TASK STATEMENT
Leaving out the pictures, return word for word the stretch of entries below from the line holding "Pouch - Sips & Trips, Red" through the line holding "Pittsburgh Steelers Est. 1933 LED Neon Sign".

RECORDS FOR PROCESSING

______________________________

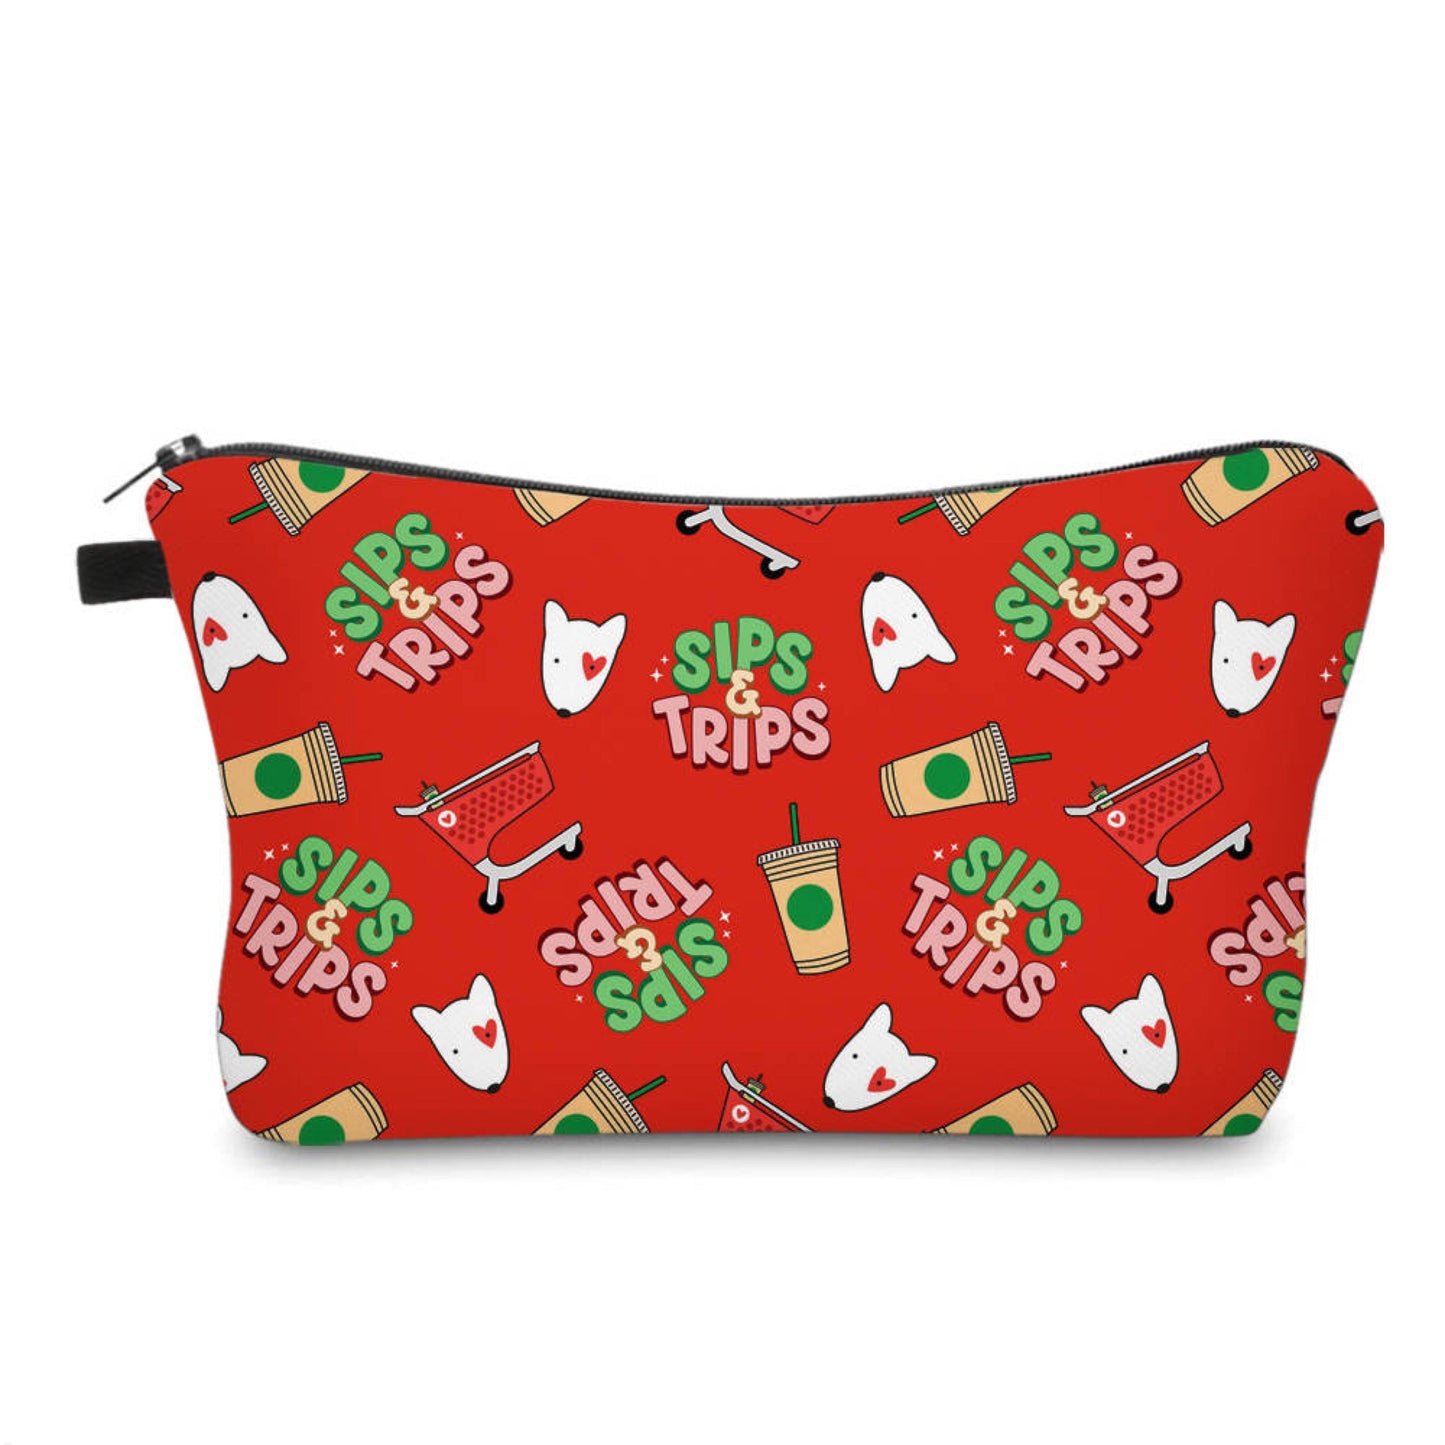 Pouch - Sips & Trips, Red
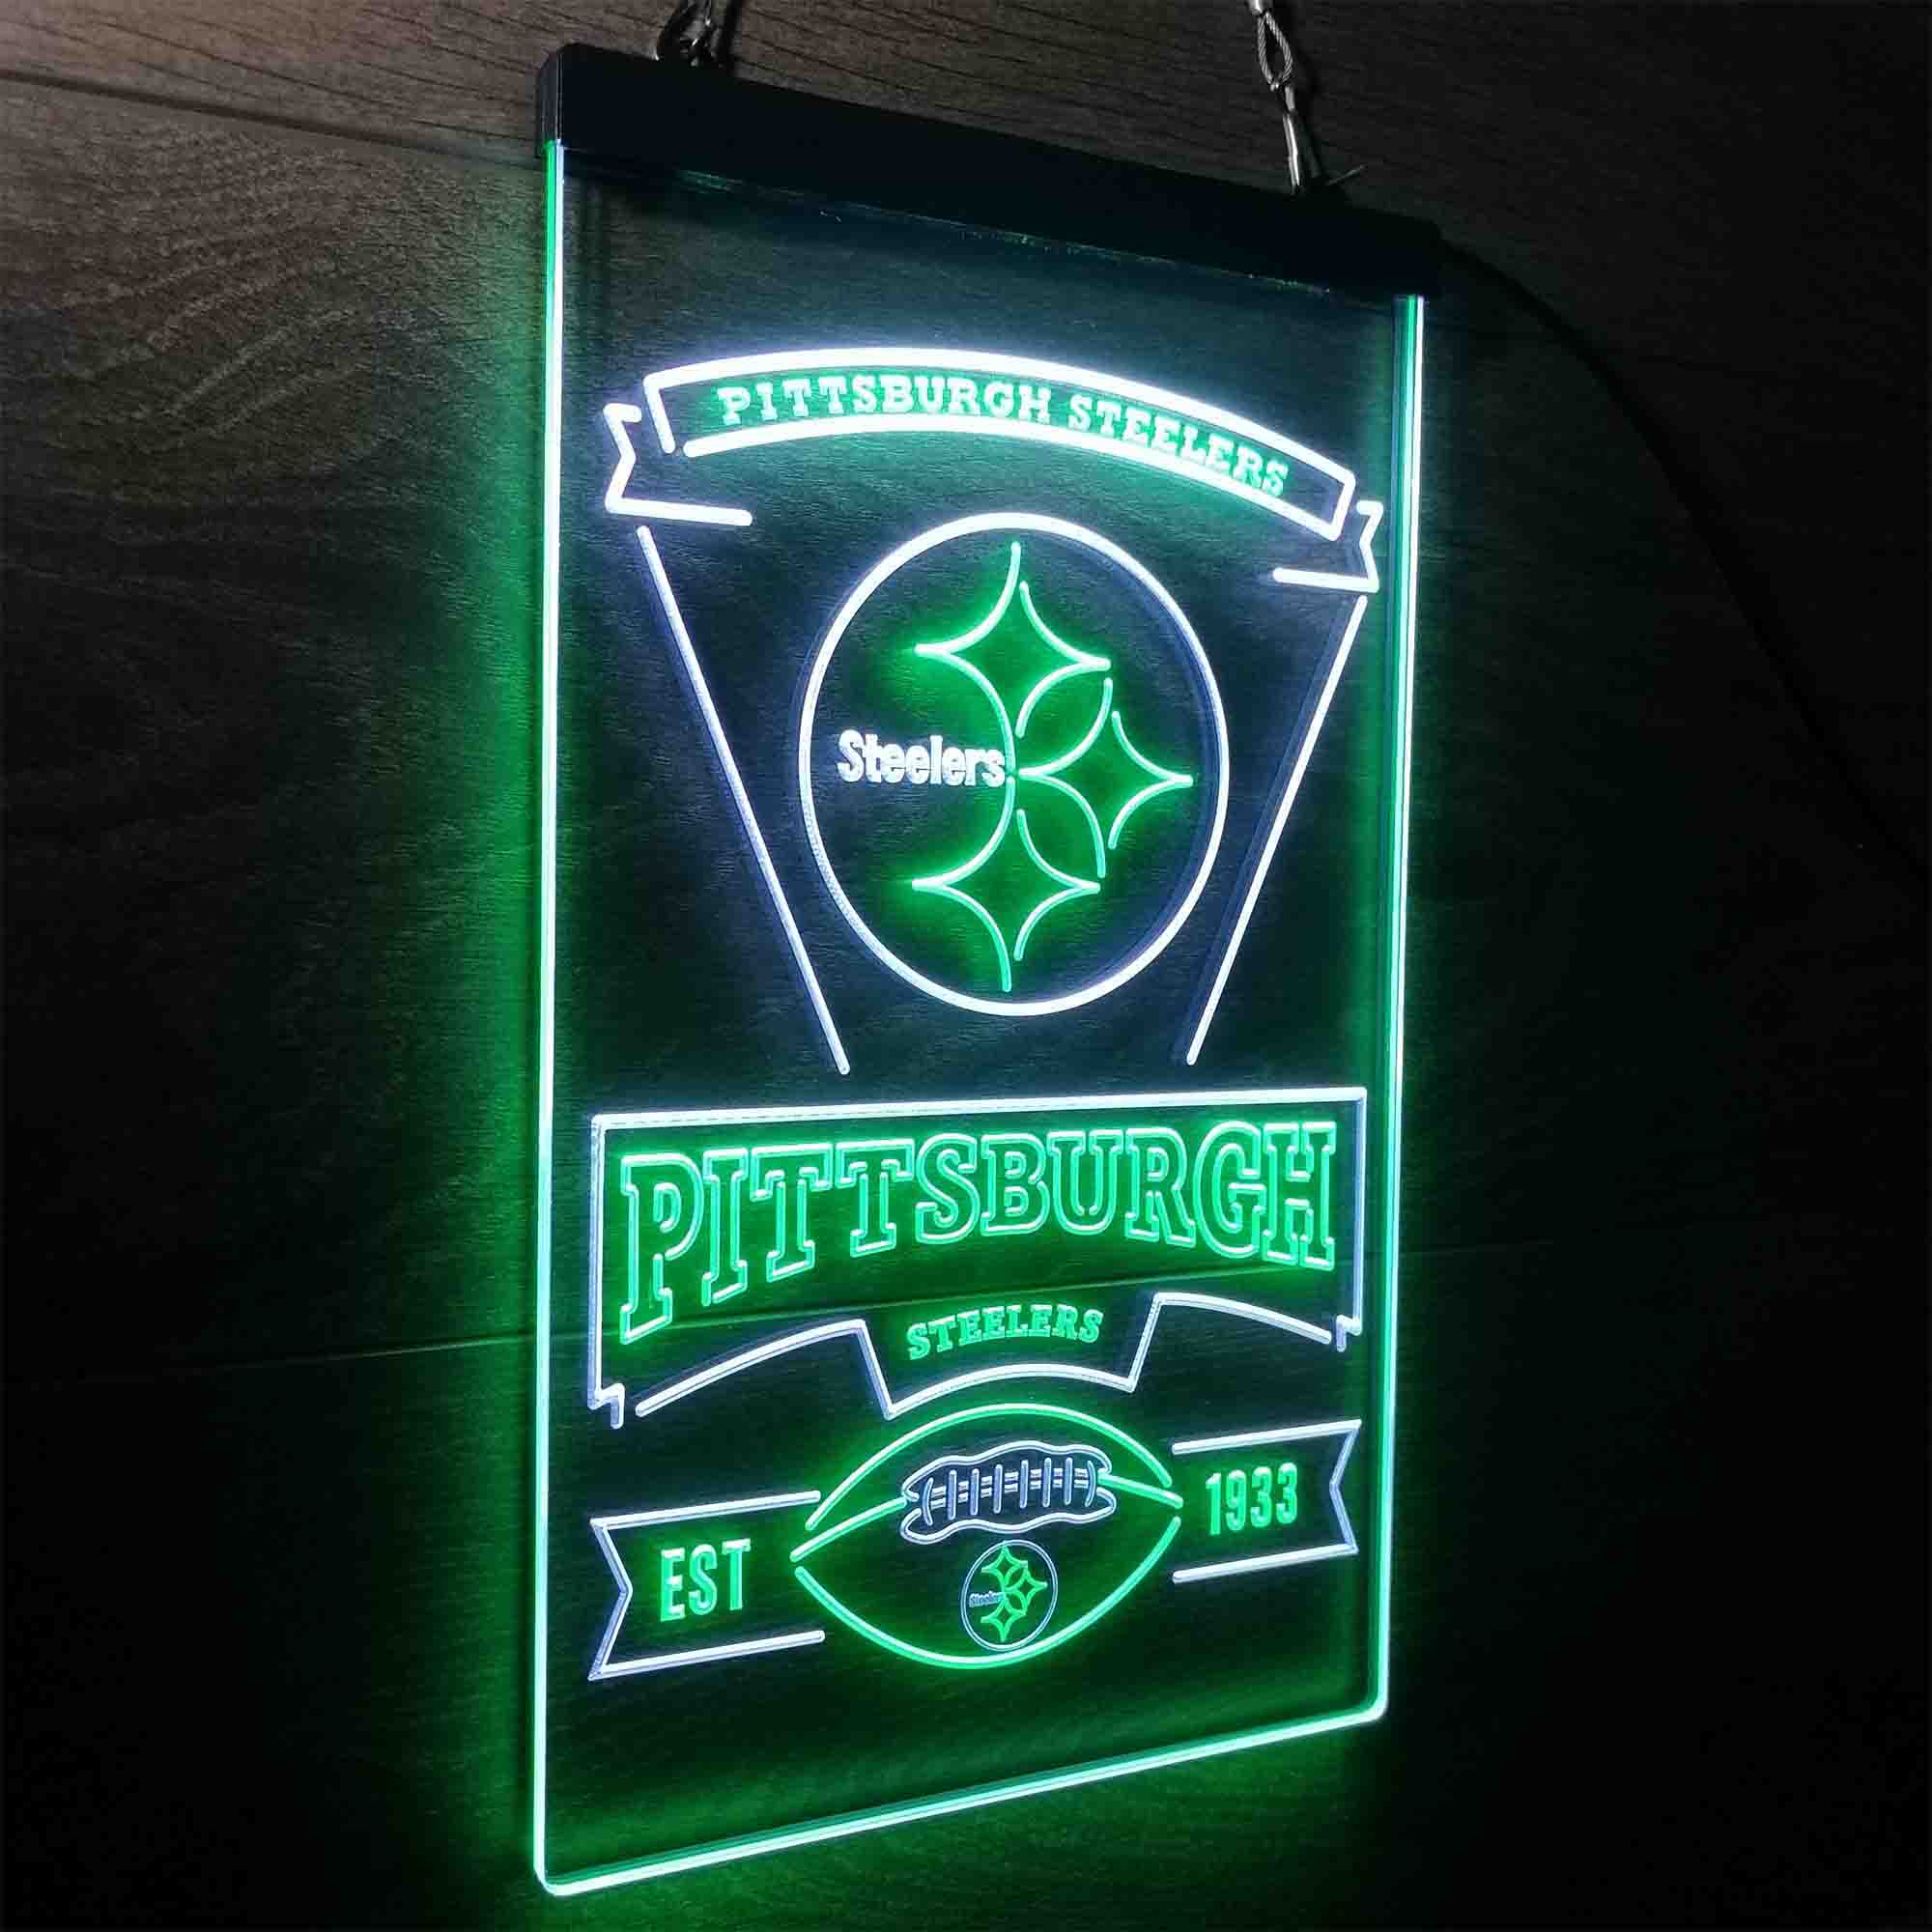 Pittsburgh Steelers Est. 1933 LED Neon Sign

______________________________

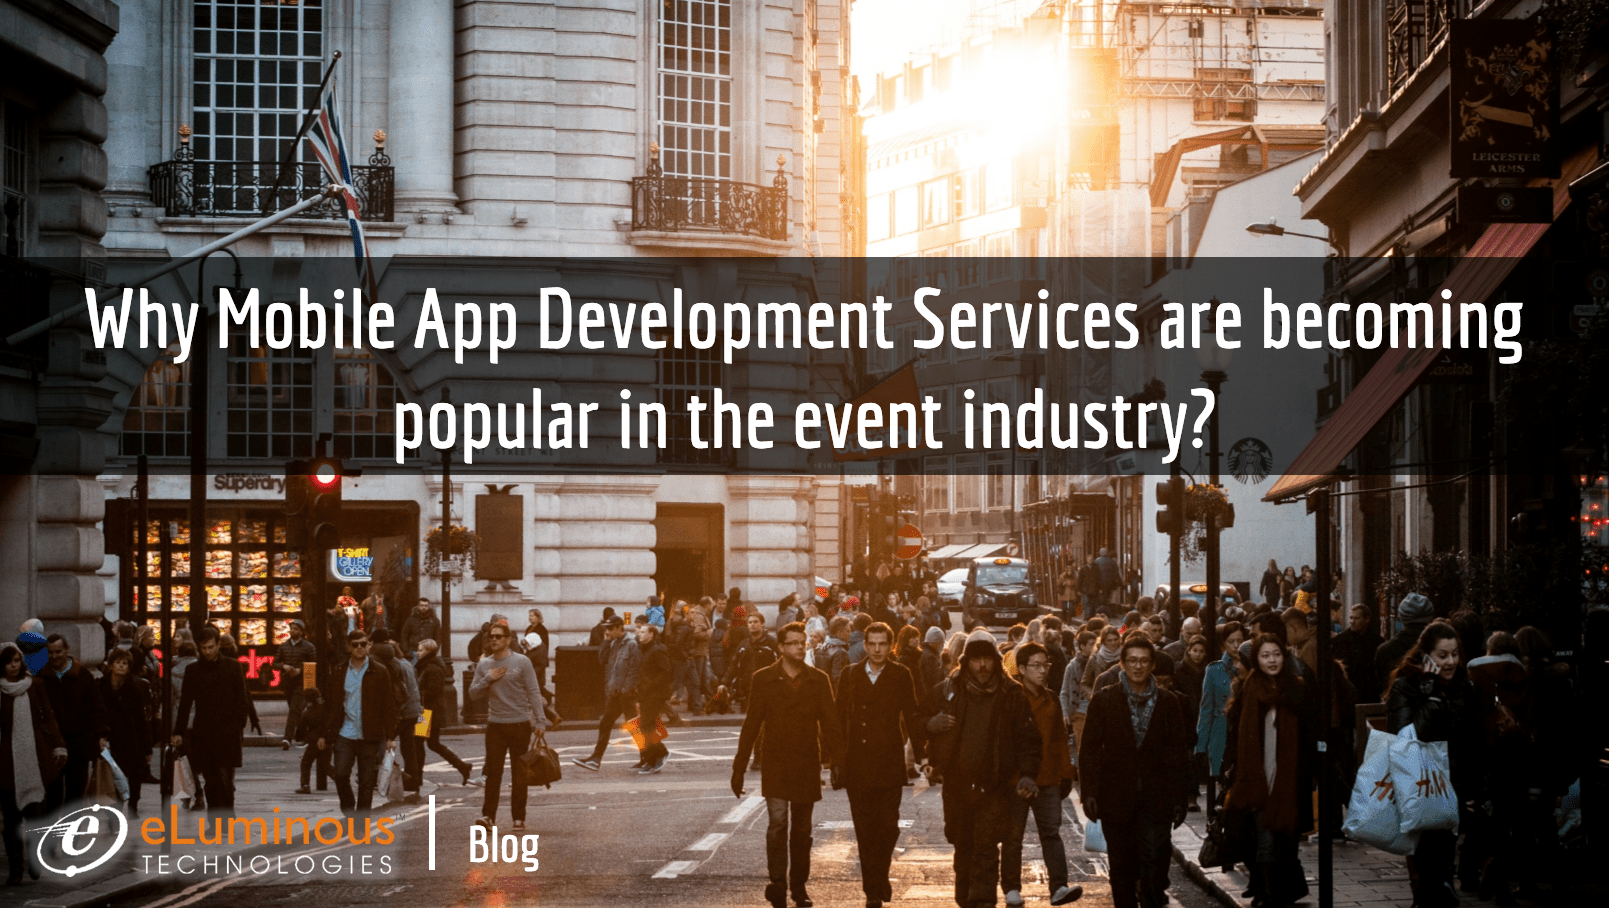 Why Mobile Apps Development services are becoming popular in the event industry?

______________________________

ANSWER SPACE
 Pouch - Sips & Trips, Red
 Pittsburgh Steelers Est. 1933 LED Neon Sign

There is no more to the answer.